Wrightson clapped his hands once. 'Good. We might as well start with the personnel breakdown in homicide. I could look it up but—'
'What do you mean?'
'You know, how many people, ethnicities, genders ...?' At Glitsky's look, he hurried on. 'That's what's going to loosen the purse strings, Lieutenant. You know that.'
'I thought it was the lack of funds hampering our ability to perform.'
Wrightson waved that off. 'Oh, sure, there's that, but let's be realistic. Your best shot at beefing up your department is increasing your head count. That increases the overheads all around and presto suddenly you've got money for a new coffee machine.'
'A new coffee machine? How about a lab that's open on weekends? How about overtime instead of comp time? How about guys getting paid when they stay late writing reports?'
Wrightson was shaking his head. 'No, no. I mean, all of that's important, don't get me wrong, but nobody's going to vote money for that stuff. It's just not sexy, you know what I mean?'
'I guess not.'
'Well, I do. You tell me about your department and I'll tell you what it needs.'
Glitsky ran it down – twelve inspectors, all male, of which four were African-American, two he thought probably qualified as Spanish-surname.
'You really ought to know that kind of thing for sure,' Wrightson said. 'It's in your best interest.' Then: 'What about women?'
'No. We don't have any women.'
'Oriental?'
'No.'
'Gay?'
'Doubt it, don't really know. Does this stuff matter?'
'Native American?'
'I didn't realize we had an appreciable percentage of the city and county that was Native American.'
Wrightson gave a conspiratorial grimace. 'You're going to be in good shape. You'll need at least three, maybe five new inspectors.'
Glitsky sat forward. 'Mr Wrightson, we don't need more inspectors. We need more support.'
'Yeah, but you won't get the
support, Lieutenant. What you need is to get closer to compliance.'
'But isn't that for the PD as a whole ...?'
'Well, yes, originally, but this was the idea I took to Chief Rigby. He liked it.' Wrightson was pumped up about his role in all of this. 'Look, the force needs money and this is the way it's going to get it. The quotas – we don't call them that, of course – we amend the compliance-factors language so that it applies to each individual detail instead of the department as a whole.'
'But homicide is ... it's the top of the pyramid. I mean, you don't just plunk people into homicide and make them inspectors to fill some quota – '
Wrightson's eyes were shining now, his color high. 'Where have you been, Lieutenant? This is San Francisco. Of course, that's what you do.'
'But—'
'This should make you especially happy – '
The scar in Glitsky's lips was white with tension. He could feel it. He didn't want to react angrily to Wrightson. Not personally. Not this morning. Not with all the other thin ice he was walking on. Maybe Wrightson was right – he was out of step and should be delighted at lowering the admissions standards for his detail.

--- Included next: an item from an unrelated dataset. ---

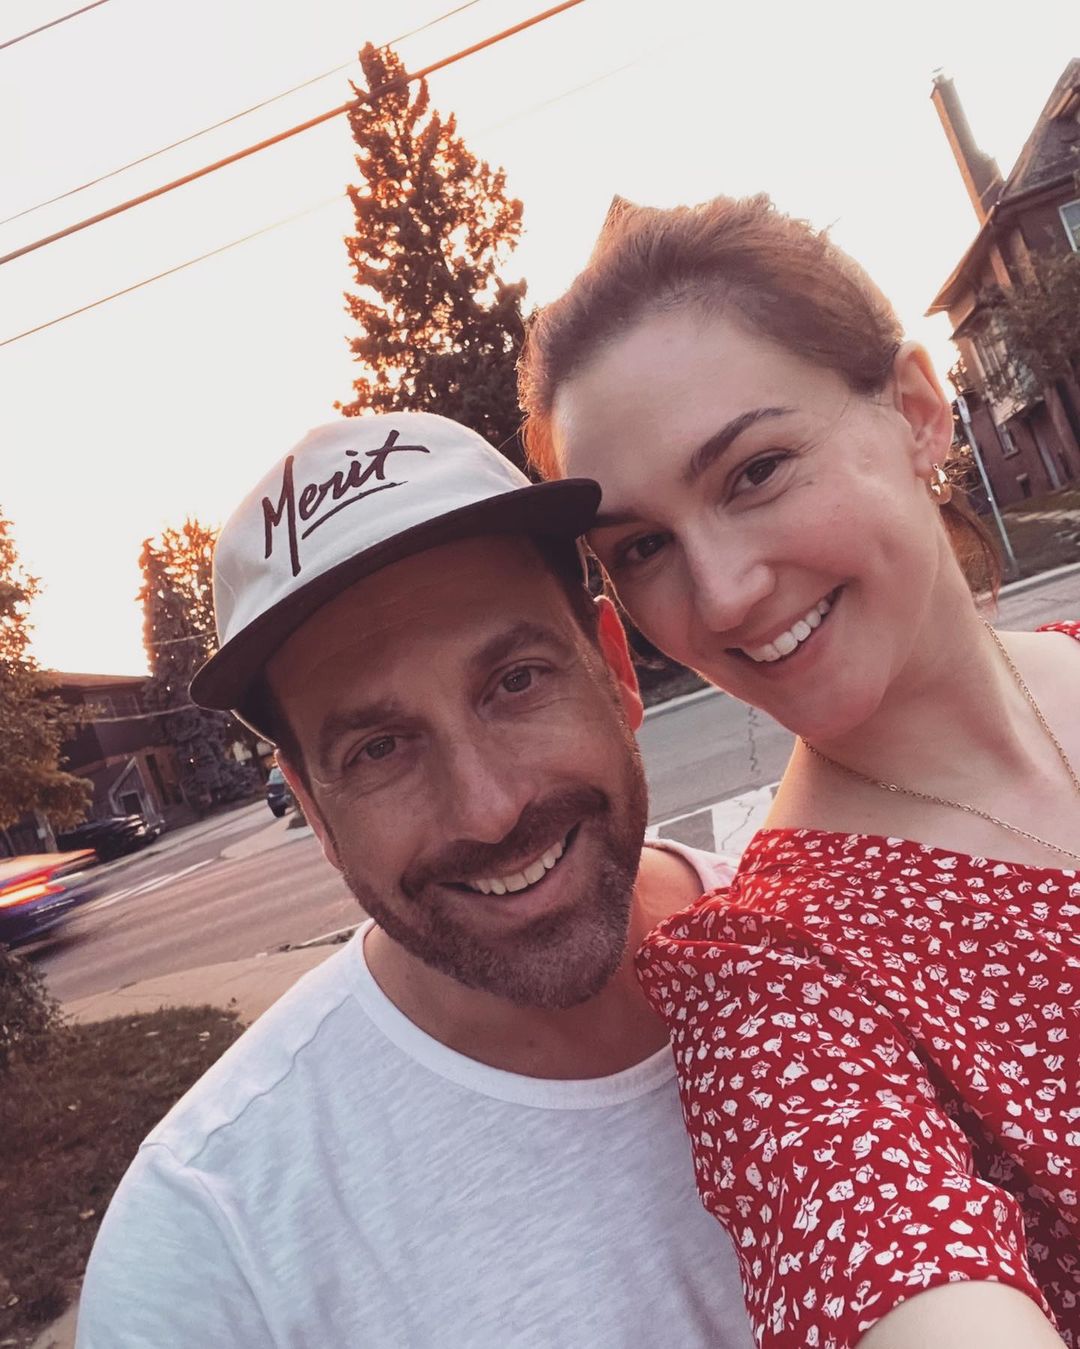 Katherine Barrell and Ray Galletti have been happily married for over five years.

But he couldn't stop himself. 'It makes me puke,' he said.
So much for the first two items he had left in the center of his desk the night before – Rigby's urgent call and the two messages from Greg Wrightson. Glitsky flashed his badge at a black-and-white out on Polk in front of City Hall and bummed a ride back to the Hall of Justice.
All these Halls and no shelter to be found.
Rigby had told Glitsky he was off the Kevin Shea matter, but on reflection Glitsky realized that he hadn't been specifically told to stop supervising his troops. Had that been on purpose, he wondered, Rigby covering his own ass in case Glitsky was on the verge of coming up with something? At the very least, that interpretation gave Glitsky an argument in the event he got called in front of the Police Commission.